The satellite launch by the DPRK did not have these three
characteristics. As such, the satellite launch was significantly
different from a ballistic missile launch.
The DPRK submitted statements to the Security Council and to General
Assembly meetings explaining that there is an international treaty
recognizing all nations right to the peaceful use of space. (4) The
DPRK is a signatory of that treaty. The DPRK notes that there have been
many satellite launches but only their satellite launch is classified as
that of the launch of a ballistic missile. This is an indication, they
explain, of the hostility of the US toward the DPRK.
In this situation neither China nor any other member of the Security
Council asked that the DPRK be invited to present its view of this
conflict to the Security Council members as provided for in Article 31
of the UN Charter. Instead the Security Council expanded the sanctions
it has imposed on the DPRK by issuing a new resolution against the
DPRK, Resolution 2087( S/RES/2087(2013)), on January 22.
Instead of the members of the Security Council providing a process to
engage the DPRK in negotiations, as China and other members of the
Security Council had done in a few instances in the past, (5) all the
members of the Security Council went along with the US government
program of coercion and punishment of the DPRK.

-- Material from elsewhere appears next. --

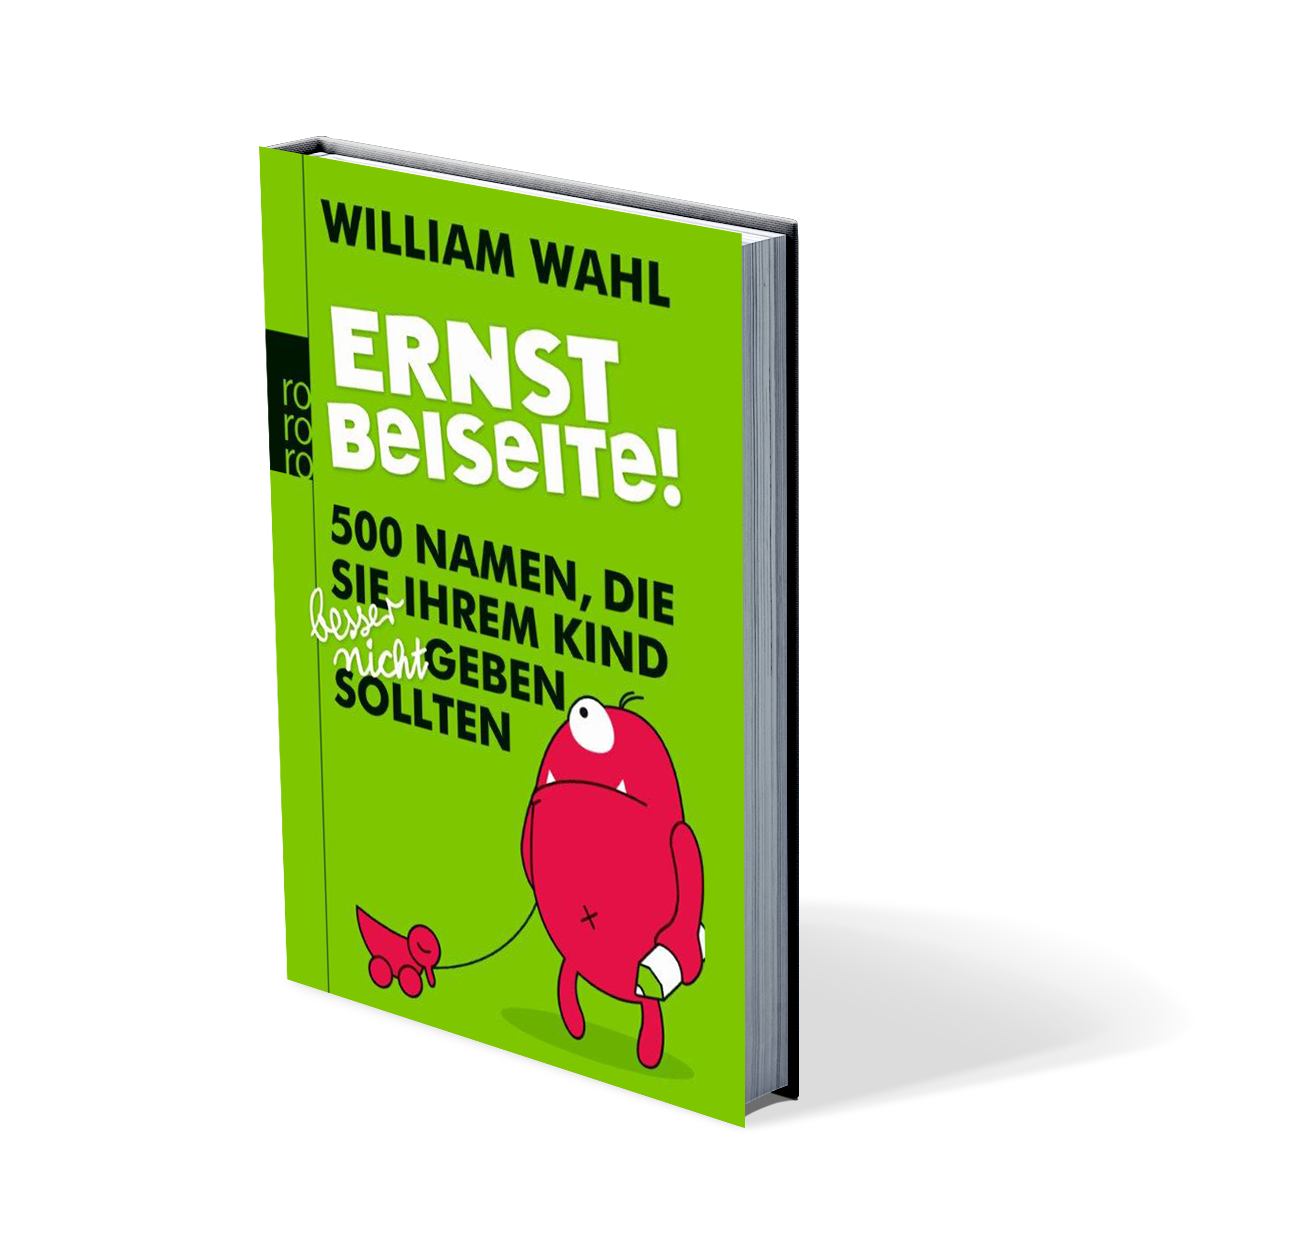 William Wahl - "Ernst beiseite"
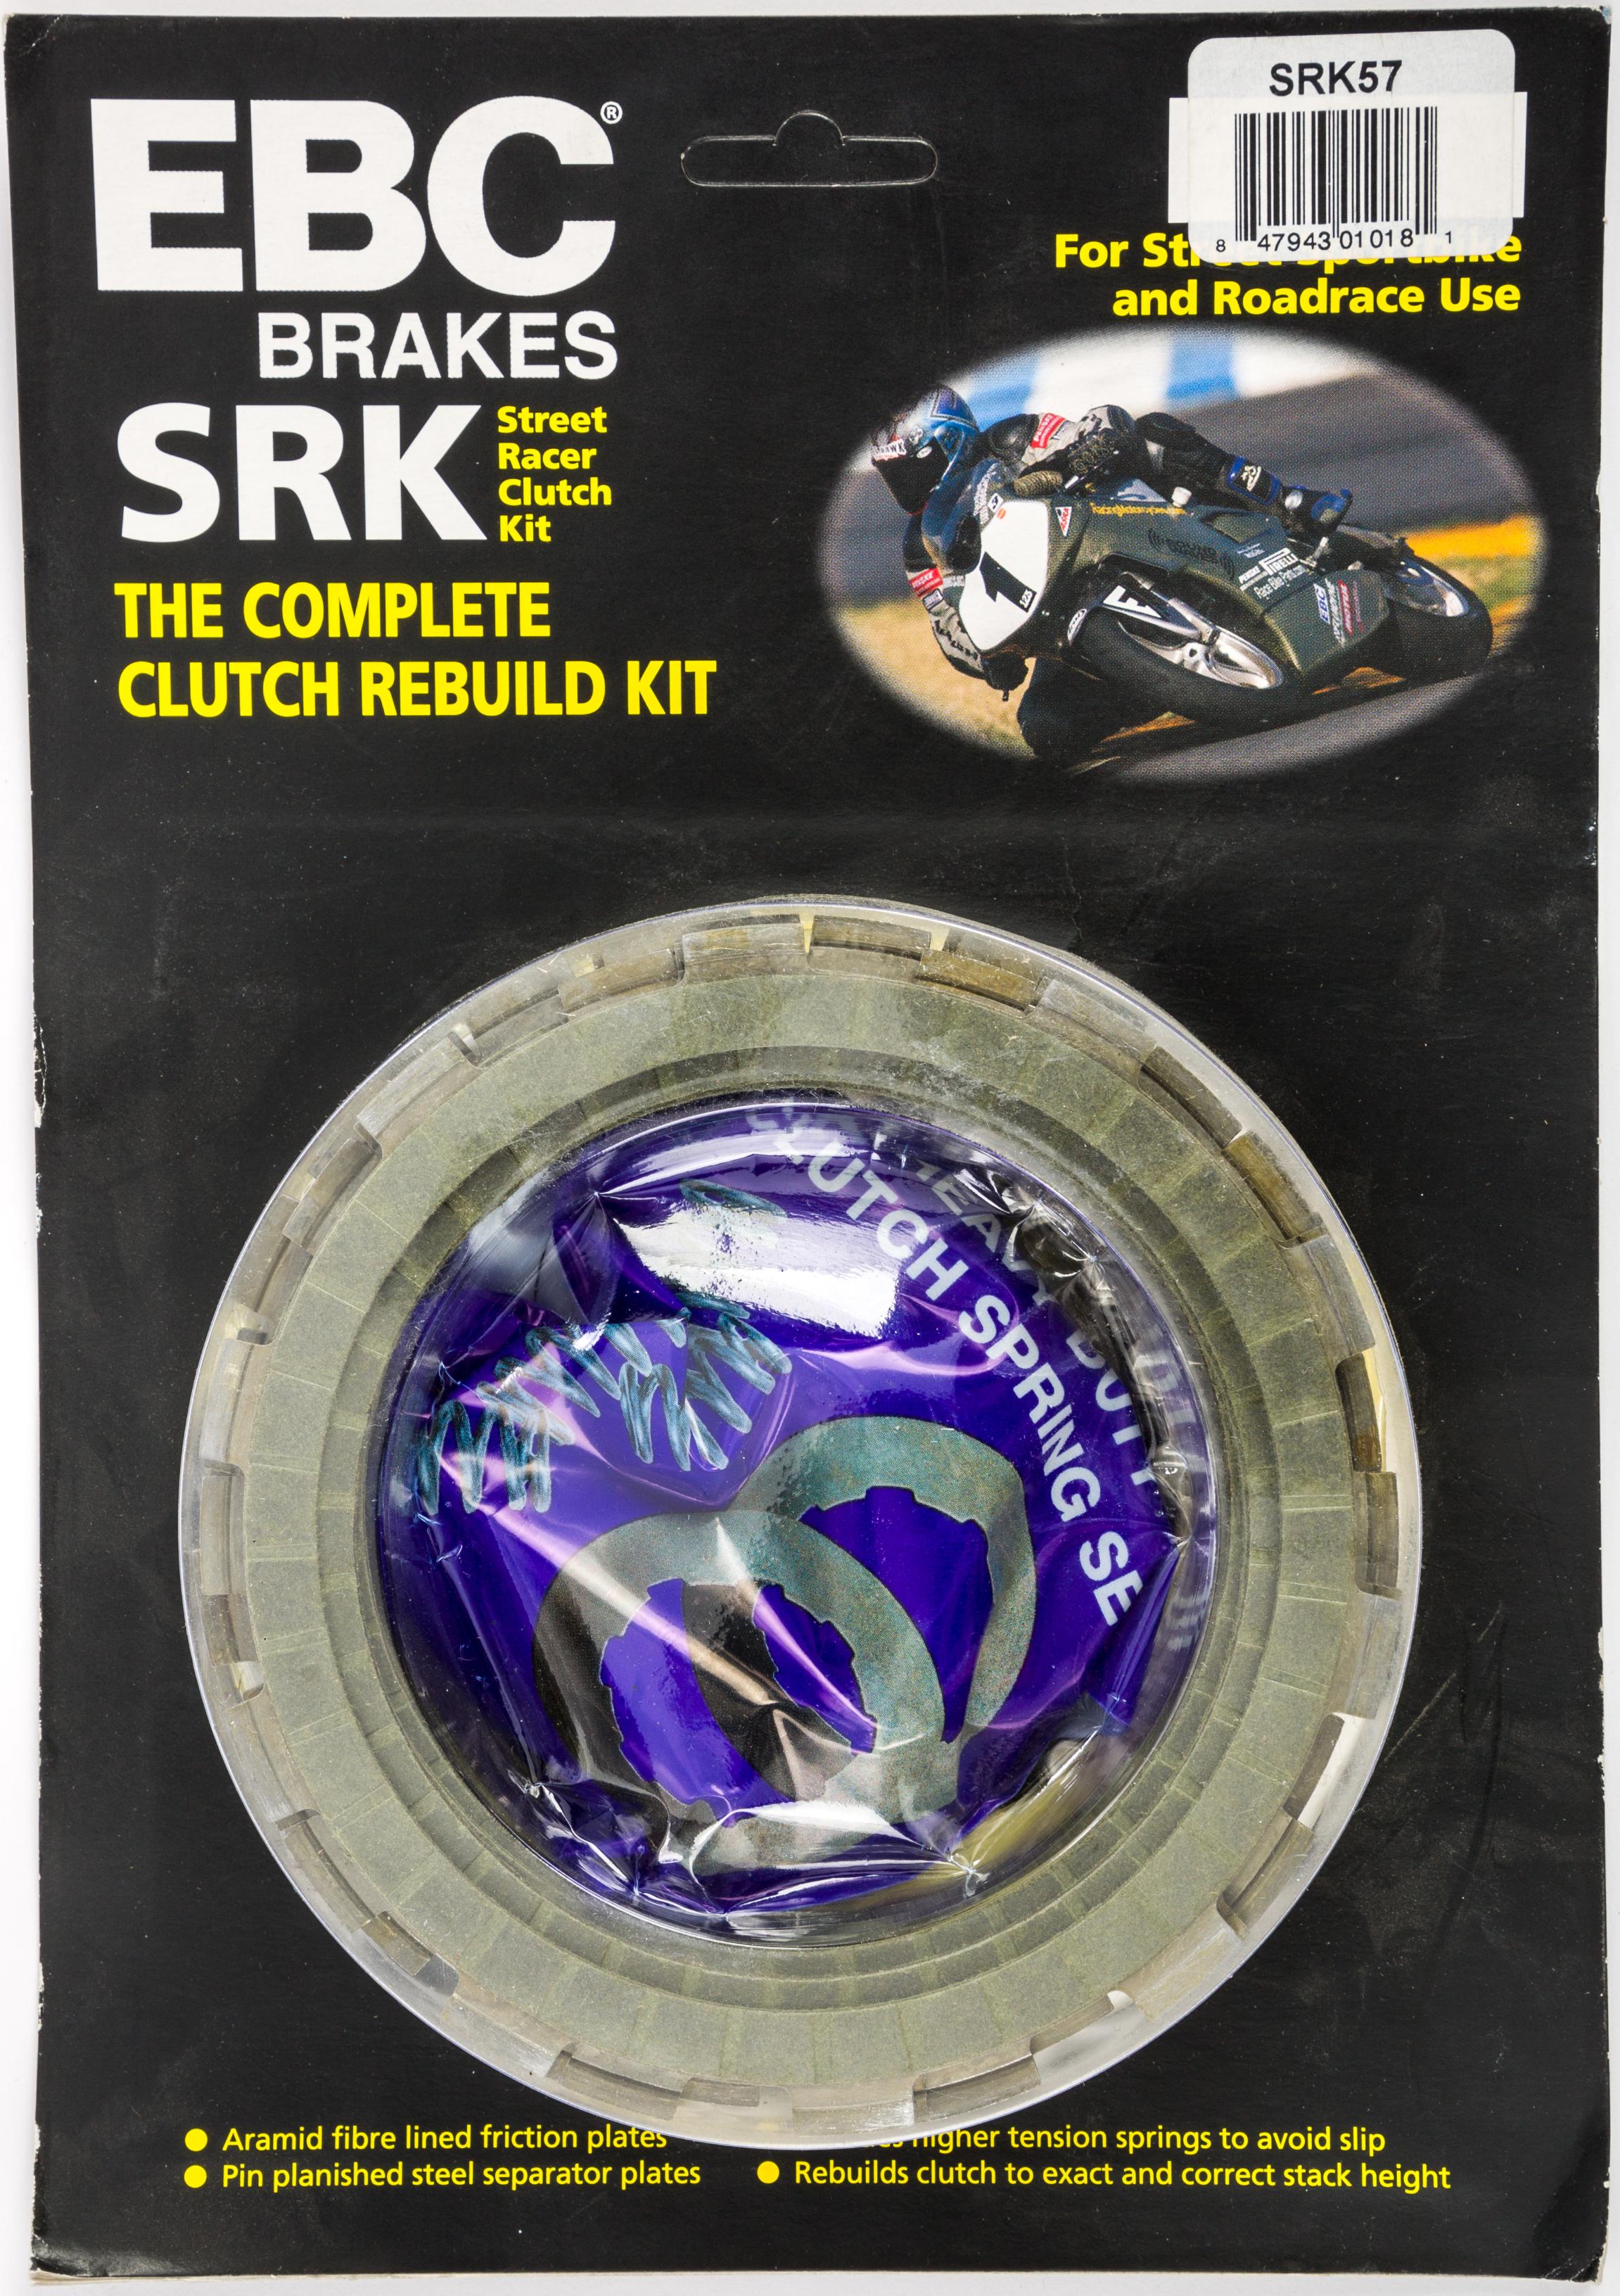 Ebc - Srk Complete Clutch Kit - SRK57

The DPRK has explained that in response to hostile actions by the US
and the use of the Security Council to support hostile action by the US,
the DPRK needs to develop its nuclear defense capability. On February
12, 2013, the DPRK conducted its third nuclear test. The Security
Council then issued Resolution 2094( S/Res/2094(2013)) on March 7
imposing additional sanctions on the DPRK, including a set of financial
sanctions which are intended to reimpose substantial financial hardship
on the DPRK. These financial sanctions are part of the focus of
Resolution 2094.
These sanctions, journalists were told, were negotiated by the US
and China and then accepted by the other 13 members of the Security
Council. This is a process similar to that which was used in creating
Resolution 2087 punishing the DPRK for launching a satellite.
There is prior experience with what the US puts forward as its use of
financial sanctions against the DPRK, which has been called coercive
diplomacy. It is significant to recognize that the imposition of such US
financial sanctions against the DPRK preceded the first nuclear test
undertaken by the DPRK. In September 2005, the US government used a
little known provision of the US Patriot Act, Section 311 to blacklist a
bank, the Banco Delta Asia, because the DPRK had $25 million of its
funds in the bank. This resulted in the funds of this bank being frozen
and the DPRK losing access to the funds in its account for two years.

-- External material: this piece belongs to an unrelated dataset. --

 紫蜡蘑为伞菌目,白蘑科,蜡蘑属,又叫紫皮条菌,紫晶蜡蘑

These financial sanctions were imposed in a such a manner that they
represented a threat that any bank doing business with the DPRK would be
vulnerable to similar sanctions, effectively denying the DPRK access to
the international banking system. (6)
Prior to the imposition of these financial sanctions against the DPRK
by the US, the DPRK had not tested any nuclear device. And it was only
after the DPRK carried out a nuclear test that the US State Department
became willing to negotiate about ending these financial sanctions.

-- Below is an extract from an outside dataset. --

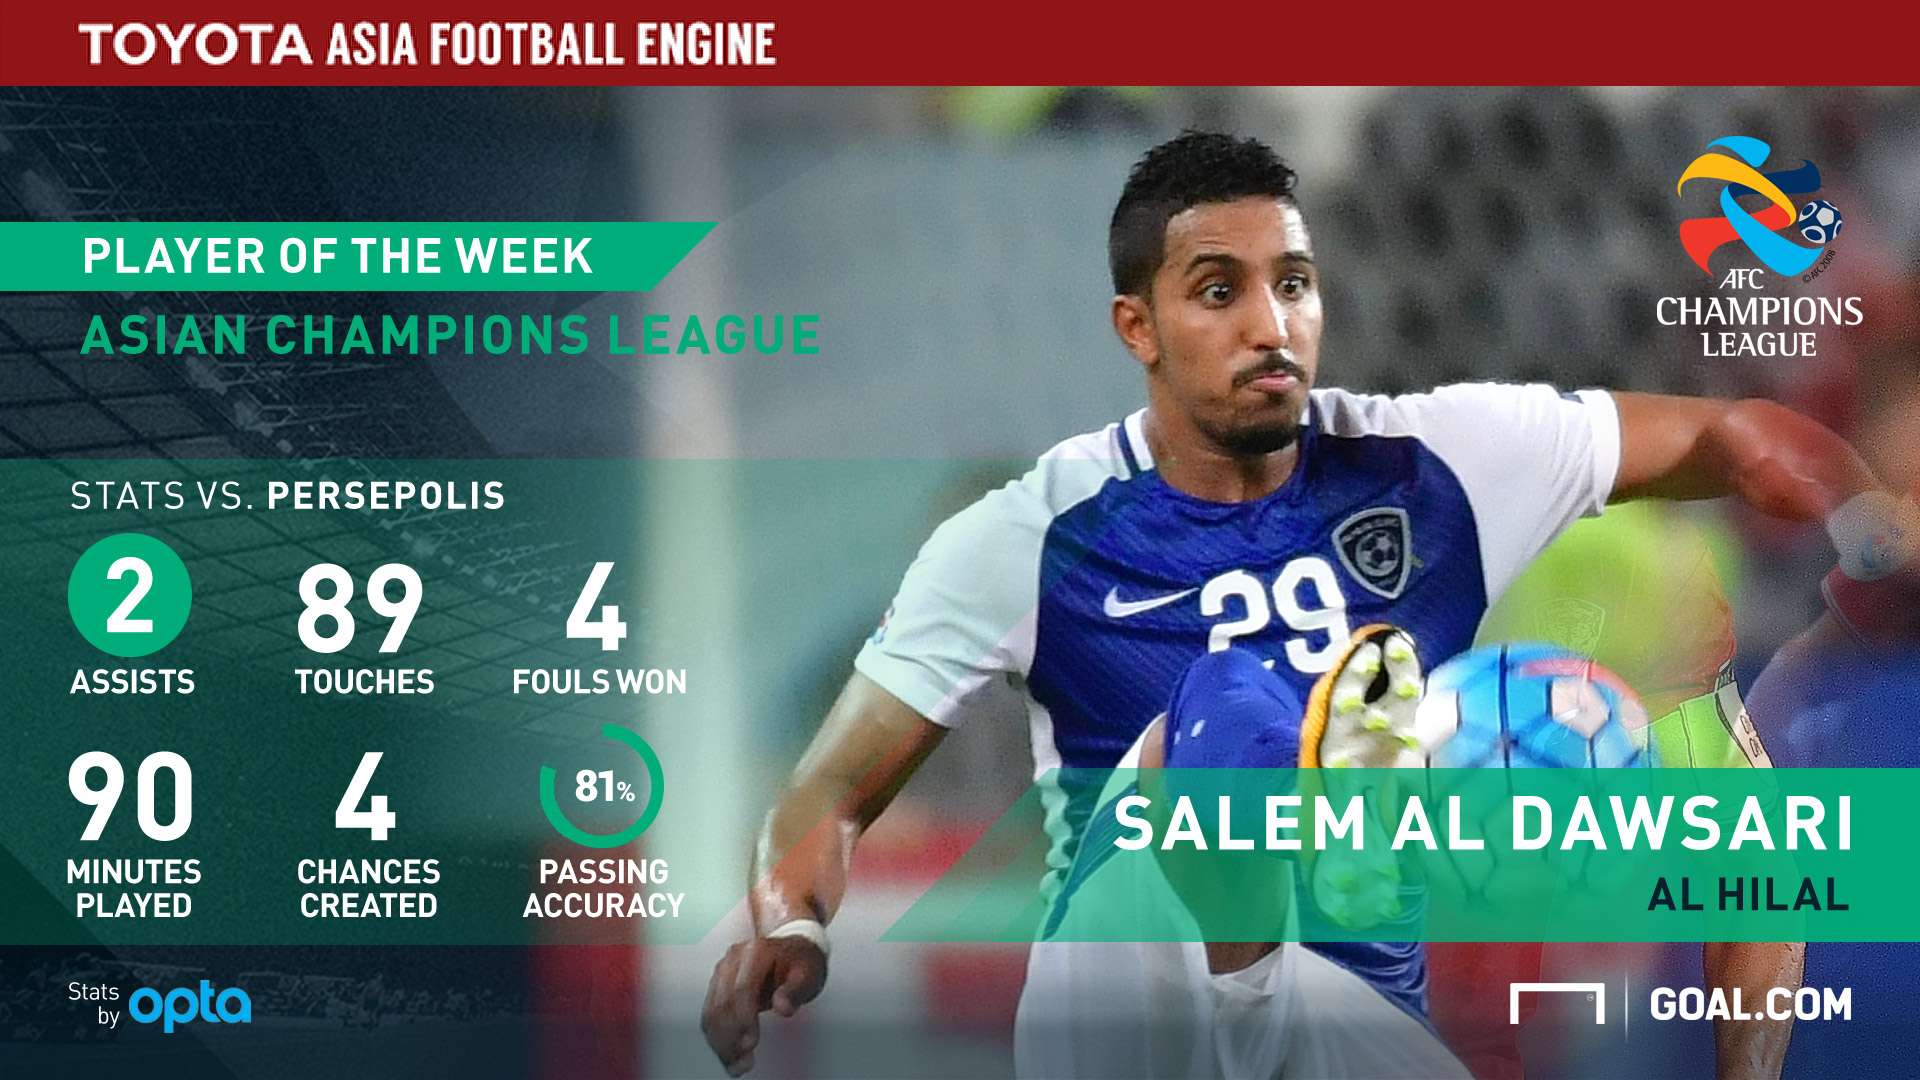 Salem Al Dawsari

So the US blacklisting of the Banco Delta Asia, an action taken by
the US Treasury Department against the DPRK, was the Godfather of the
DPRK’s determination to develop its nuclear capability. There are
present and past US government officials, however, who erroneously
claim that the Banco Delta Asia sanctions were effective in stopping the
DPRK’s nuclear program.(7) The opposite is the reality. The US
financial sanctions against the DPRK were one of the significant
factors which the DPRK cites which convinced them of the need for a
nuclear weapon as a defense against such US hostility.
Hence the financial sanctions wielded by powerful nations are the
thrust to spread nuclear proliferation not a means to contain
proliferation. The focus on the form of financial sanctions in
Resolution 2094 demonstrates the failure of the UN Security Council to
learn from past experience. The DPRK has documented how it has been the
victim of a hostile policy on the part of the US since its origin as a
result of the US imposed division of Korea after WWII.(8)
Over 60 years ago, the US artificially divided Korea, a nation which
prior to this division had a history of over 1000 years as a single
nation. After WWII, Korea was divided into two states using a US
manipulated UN General Assembly process in 1948 to consolidate the
division.(9) That division continues until today .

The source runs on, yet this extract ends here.